The following batch-saved pseudo code
For _ in All_need_plot:
fig = plt.figure ()
ax=fig.add_subplot ()
sub_data[years].plot (Ax=ax, style= ' O ', title= '%s monthly Sales Trend Chart '%lev3 '
file = R ' e:\ Apparel forecast Sales Trend-%s.jpg '%lev3
savefig (file)
time.sleep (0.5) # Watch out for a pause here, or you'll get a problem.

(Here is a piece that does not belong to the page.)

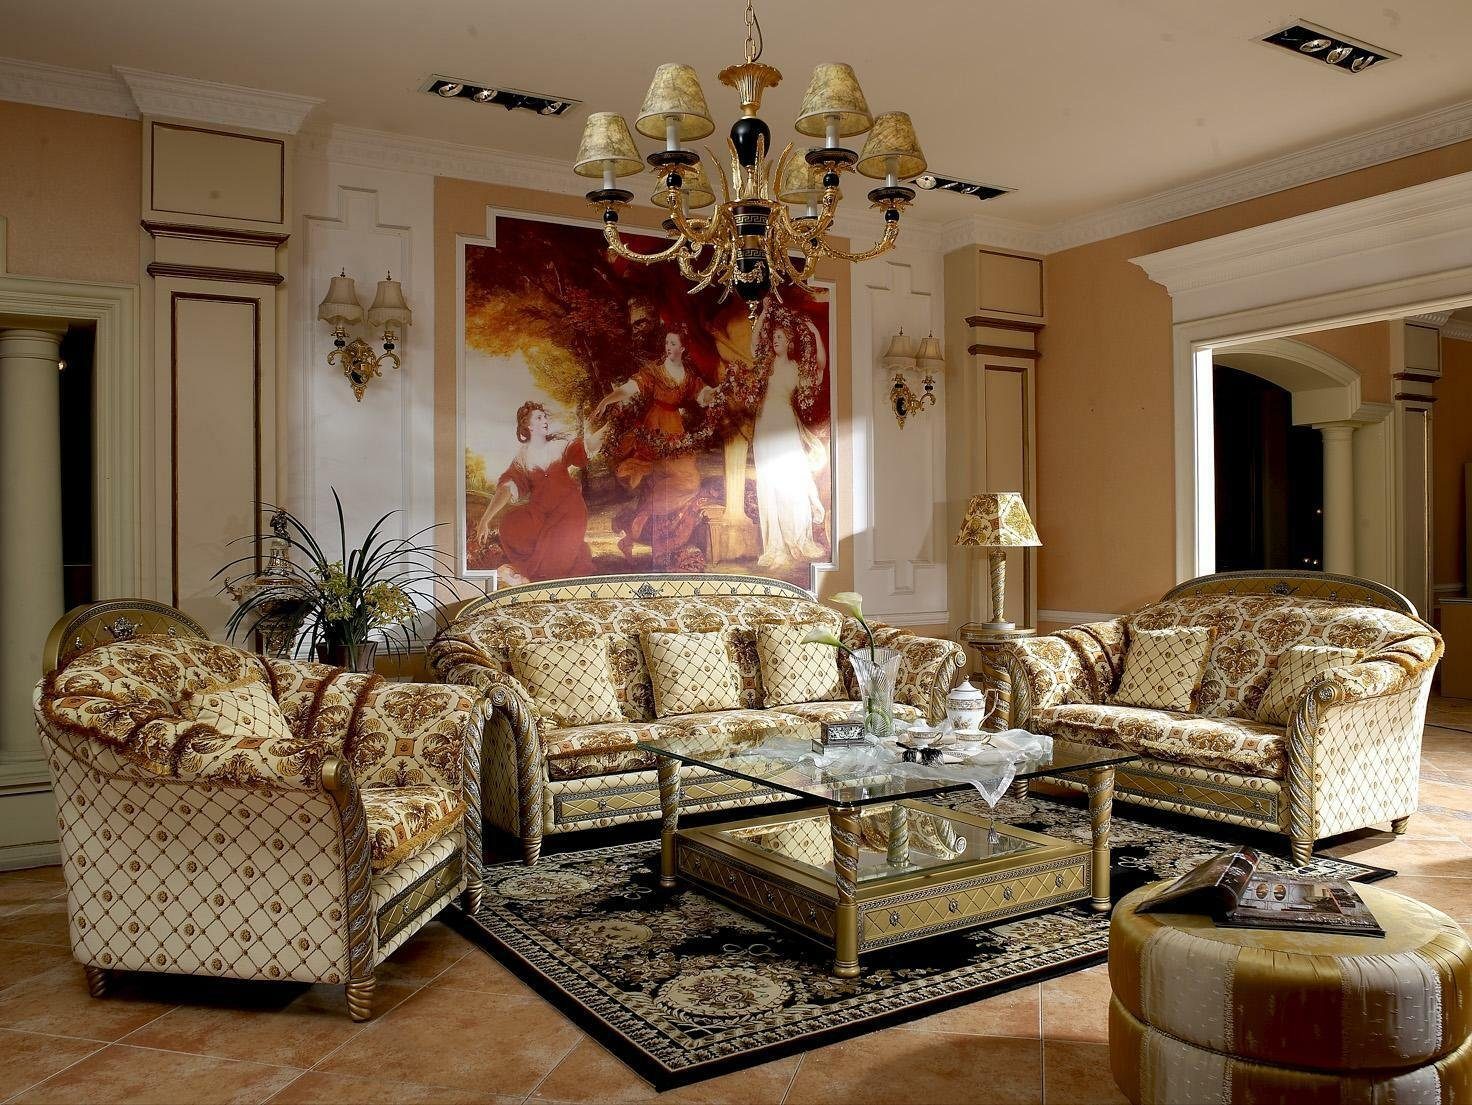 JVmoebel Sofa, 3+2+1 Sofagarnitur Couch Klassische Textil Stoff Couchen Polster Sofa | Alle Sofas

plt.close () # finally remember to close the handle, and then draw the next picture
As I said before, you can draw with Matplotlib, and series and dataframe also encapsulate functions that have drawings. Here are some common graphics.
The
name of a mapping function |
function |
Module |
Plot () |
Line chart, point graph |
Matplotlib and Pandas |
Pie () |
Pie chart |
Matplotlib and Pandas |
hist () |
Histogram, bar chart |
Matplotlib and Pandas |
BoxPlot () |
Box Line diagram |
Pandas |
Plot (Loyg=true) |
Logarithmic graph of Y axis |
Pandas |
Plot (Yerr=true) |
Error bar chart |
Pandas |
Pandas simple Drawing
# 1.matplotlib Method
import Matplotlib.pyplot as Plt
plt.plot (x,y,s)
# S is a graphical option that includes color, style, graphic type, specific parameters as in front.
# 2.pandas Method
D.plot (kind= ' graphics type ')
# D is dataframe or series, default to index as the horizontal axis,
# Each column of data for ordinate automatic drawing, that is, each column of data to draw a graph.
# kind=
# line: Thread
# bar: Bar Chart
# barh,hist: Histogram
# Box: Box line map
# KDE: Density map #
area:
# PI E: Pie
# In addition to kind parameters, you can accept parameters in Plt.plot ().
Common Graphics
# 1. Line diagram (default) s = Series (RANDN), Cumsum (), Index=np.arange (0,100,10)) S.plot (style= ' ko--') #如果是数据框, and each column draws a thread DF = Dataframe (Randn (10,4). Cumsum (0), columns=[' A ', ' B ', ' C ', ' d '],index=np.arange (0,100,10)) Df.plot () # 2. Bar Chart # A histogram is a picture of each number, and if there are multiple numbers, draw more than one column. That is to say, a histogram requires the height of a given column. Note that this is not the same as the histogram, # The Histogram will count itself, and then the drawing, if the painting is relatively thin, is the density curve of fig,axes = Plt.subplots (2,1) data = Series (Np.random.rand), index=list
(' Abcdefghijklmnop ')) Data.plot (kind= ' bar ', Ax=axes[0]) data.plot (kind= ' bar ', ax=axes[1]) FIG df = Dataframe (Np.random.rand (6,4), index= '
One ', ' two ', ' three ', ' four ', ' five ', ' six '], name= ' genus ') DF # Draw a clan column for each line, how many rows there are columns Df.plot (kind= ' bar ') # 2.2 Stacked Column Chart Df.plot (kind= ' bar ', stacked=true,alpha=0.5) tips = pd.read_csv (' tips.csv ') Tips.head () Party_counts=pd.crosstab ( Tips.size,tips.day) party_counts Party_pcts=party_counts.div (Party_counts.sum (1), axis=0) party_pcts party_ Pcts.plot (kind= ' bar ', Stacked=true) # 3. Histogram and density Figure # Note the difference from the preceding histogram, which can automatically count the given interval and draw a height tips[' tip_pct ']=tips[' Tip ']/tips[' Total_bill '] tips[' tip_pct '].hist (bins=50) # 4. Density curve tips[' tip_pct '].plot (kind= ' KDE ') # Two pictures together comp1= Np.random.normal (0,1,size=200) comp2=np.random.normal (10,2,size=200) values=series (Np.concatenate ([COMP1,COMP2]) Values Values.hist (bins=100, alpha=0.3, color= ' K ', Normed=true) values.plot (kind= ' KDE ', style= ' k--') # 5. Scatter map, scatter plot macro = Pd.read_csv (' macrodata.csv ') data = macro[[' CPI ', ' M1 ', ' tbilrate ', ' unemp '] ' Trans_data = np.log (data). diff (). Dropna ( ) Trans_data[-5:] Trans_data.tail () plt.scatter (trans_data[' M1 '],trans_data[' Unemp ')) plt.title (' Change in log%s ' vs Log%s '% (' M1 ', ' Unemp ')) plt.show () # 5.2. Scatter graph matrix Pd.scatter_matrix (trans_data,diagonal= ' KDE ', color= ' K ', alpha=0.3)
Python paint, the best or seaborn, draw a beautiful color statistical graphics, its grouping, faceted, statistics, etc., comparable to ggplot AH.